In some aspects, the techniques described herein relate to an apparatus wherein at least one of the estimate of scene lighting conditions, confidence values, or the correction parameters determined by the machine-learning model are combined with at least one of another estimate of scene lighting conditions, other confidence values, or other correction parameters, respectively, determined by a second machine-learning model different from the machine-learning model.
In some aspects, the techniques described herein relate to an apparatus wherein the correction parameters are determined by applying adaptive weights to each correction parameter associated with each shading profile of a subset of the multiple shading profiles, the adaptive weights obtained by normalizing each confidence value with a sum of confidence values for the subset of the multiple shading profiles.
In some aspects, the techniques described herein relate to an apparatus wherein the correction parameters are applied to the one or more images per pixel location or per one or more blocks of pixel values of the one or more images.
In some aspects, the techniques described herein relate to an apparatus wherein the one or more processors comprise multiple processors, and a single processor of the multiple processors employs a machine-learning model to determine the estimate of scene lighting conditions or determine the correction parameters.
In some aspects, the techniques described herein relate to an apparatus wherein the one or more processors are further configured to compare image statistics of the one or more images to one or more predetermined thresholds, and in response to the image statistics satisfying the one or more predetermined thresholds, determine the estimate of scene lighting conditions and determine the correction parameters using a machine-learning model.
In some aspects, the techniques described herein relate to a device comprising a camera system with one or more sensors and one or more processors, the one or more processors being collectively configured to obtain image data for one or more images from the one or more sensors; determine, for the one or more images, correction parameters to address spatial nonuniformity and shading effects based on an estimate of scene lighting conditions of the one or more images, and apply the correction parameters to the one or more images to generate one or more corrected images.
In some aspects, the techniques described herein relate to a device wherein the one or more sensors of the camera system comprises at least one of a single red-green-blue (RGB) image sensor; multiple RGB image sensors, one or more RGB image sensors in combination with at least one of an infrared (IR) image sensor or ambient light sensor, or multiple RGB image sensors in a stereo camera configuration.
In some aspects, the techniques described herein relate to a device wherein the one or more processors are further configured to determine the estimate of scene lighting conditions using raw image data from the one or more sensors, preprocessed image data, or image statistics for the one or more images.
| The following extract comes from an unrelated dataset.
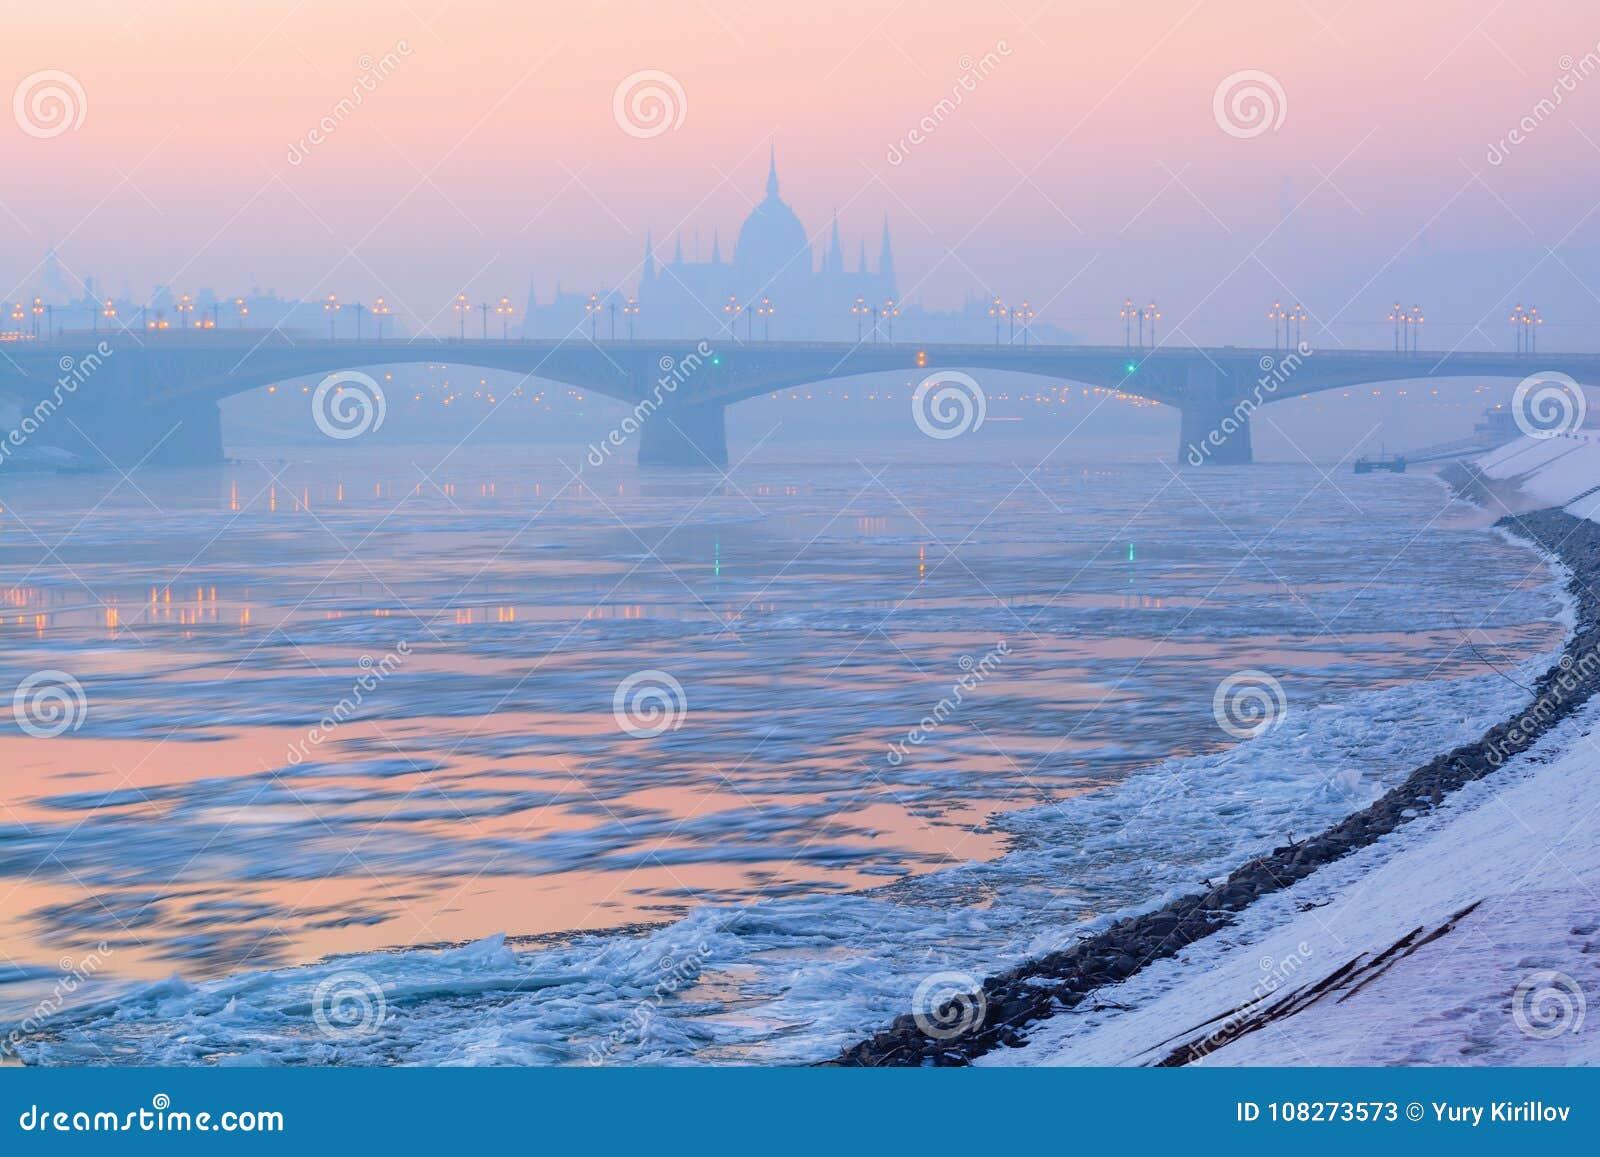 Ποταμός, επιπλέοντες πάγοι, γέφυρα της Margaret, περίληψη του Κοινοβουλίου το χειμώνα, Βουδαπέστη

In some aspects, the techniques described herein relate to a device wherein the device further comprises a sensor controller controlling one or more operation characteristics of the one or more sensors and the one or more processors are further configured to provide the estimate of scene lighting conditions to the sensor controller to adjust the one or more operation characteristics for the one or more sensors.
In some aspects, the techniques described herein relate to a device wherein the one or more processors use a machine-learning model to determine at least one of: the estimate of scene lighting conditions, confidence values in associating the estimate of scene lighting conditions to each shading profile of multiple candidate shading profiles, an array of confidence values in associating the estimate of scene lighting conditions in multiple different locations of the one or more images, or the correction parameters.
In some aspects, the techniques described herein relate to a device wherein outputs from the machine-learning model are combined with second outputs determined by a second machine-learning model different than the machine-learning model.
In some aspects, the techniques described herein relate to a device wherein the machine-learning model and the second machine-learning model use different algorithmic approaches, including a support vector machine, a convolutional neural network, a recurrent neural network, a graph neural network, or a multilayer perceptron neural network.
In some aspects, the techniques described herein relate to a device wherein the one or more processors are further configured to reuse, adjust, smooth, or stabilize the correction parameters across the one or more images to output the one or more corrected images as a video.
In some aspects, the techniques described herein relate to a device wherein the one or more processors are further configured to compare image statistics of the one or more images to one or more predetermined thresholds, and in response to the image statistics not satisfying the one or more predetermined thresholds, estimate the scene lighting conditions or determine the correction parameters using a machine-learning model.
In some aspects, the techniques described herein relate to a method comprising determining, using a machine-learning model, an estimate of scene lighting conditions for one or more first images having spatial nonuniformity and shading effects, determining, by minimizing an error between the estimate of scene lighting conditions and actual scene lighting conditions associated with the one or more first images, tuning parameters of the machine-learning model, determining, using the machine-learning model with the tuning parameters, correction parameters based on the estimate of scene lighting conditions of one or more second images, and applying the correction parameters to the one or more second images to generate one or more corrected images.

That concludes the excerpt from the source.